I think you got this backwards. If the first down was a run, they were far
less likely to run on second down compared to when the first down was a pass.

------
socrates1998
Man, I am working on a project just like this, but with high school teams.

The problem is that these guys seem to lack how coaches make decisions when
calling plays.

I have a few problems with their research:

1) There are A LOT more variables that go into coaching decisions. They picked
QB completion percent as the one they correlated. This is just a way over
simplification of the process.

2) They applied their findings on the whole league to an individual coach.
They is too much variance between coaches that you just can't do this and be
sound.

3) Even if they are right 90% of the time, this may not even be good enough.
Football plays are sort of like no-limit poker.

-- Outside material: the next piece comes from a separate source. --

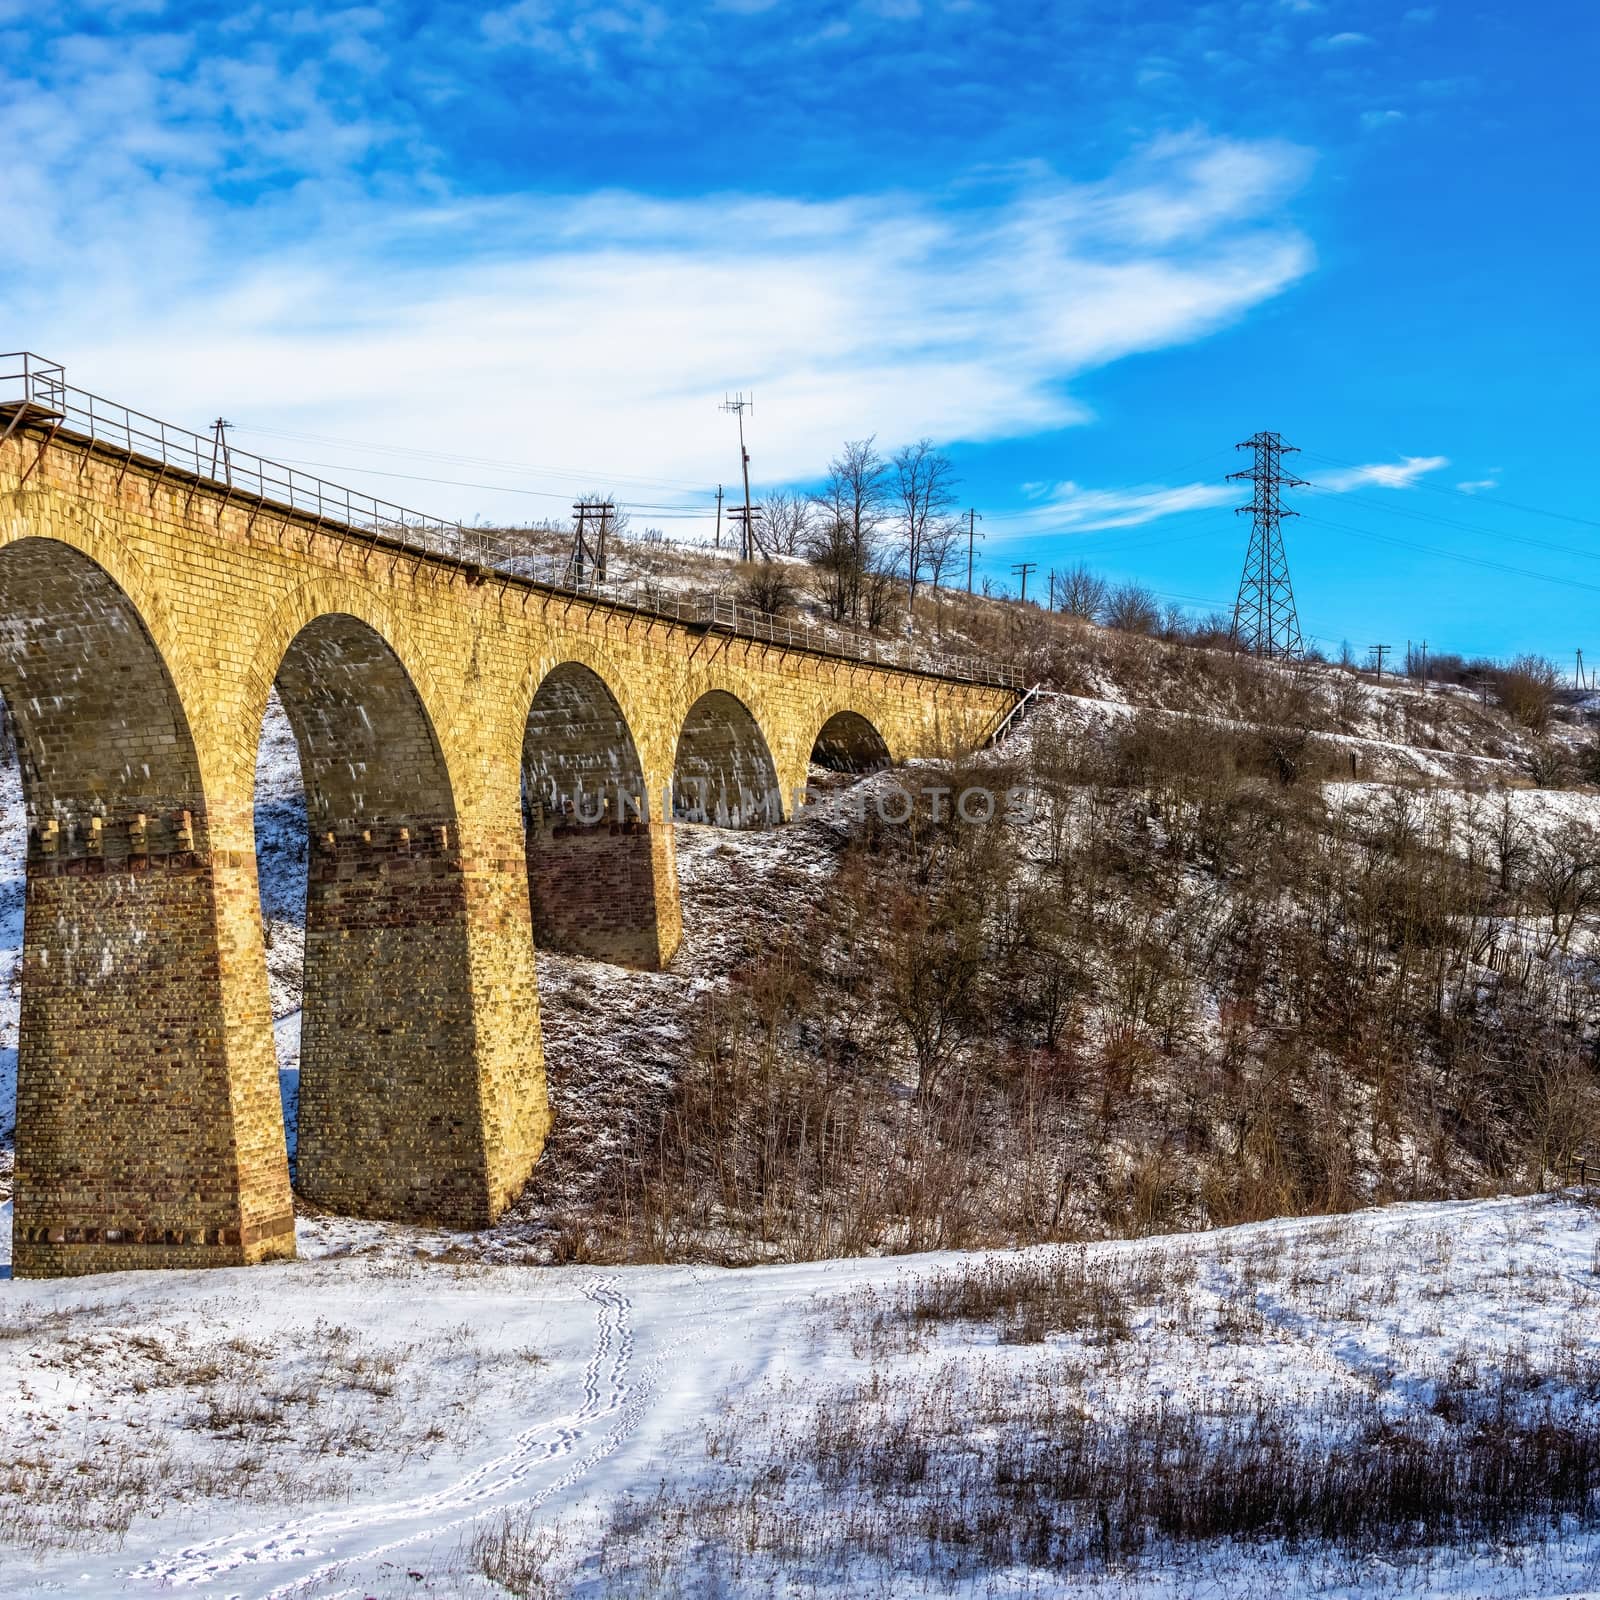 Viaduct in Plebanivka village, Ukraine by Multipedia

Any one play can determine a
game. So, if you are wrong 10% of the time, this still may result in giving up
a touchdown because you relied on the probability that they would pass/run the
ball.

4) Coaches are humans and they can very readily make adjustments to their
biases. I have seen it myself when coaching. A coach realizes he has called
55% of his plays to the right, so he ends up calling the next few plays to the
left. All these tendencies are shown to coaches every week, as a result, they
work very hard to counter act their own tendencies.

For me, more promising is using their anti-biases against them. In a truly
random pattern, seeing a run of five plays to the Right isn't that unusual.
However, in football play calling, you won't see this nearly as much as you
think you would.

That's my idea. I am still working on the math, but it might take awhile to be
usable.

------
driverdan
> All signs point to the recency bias being the primary culprit.

Saved you a click.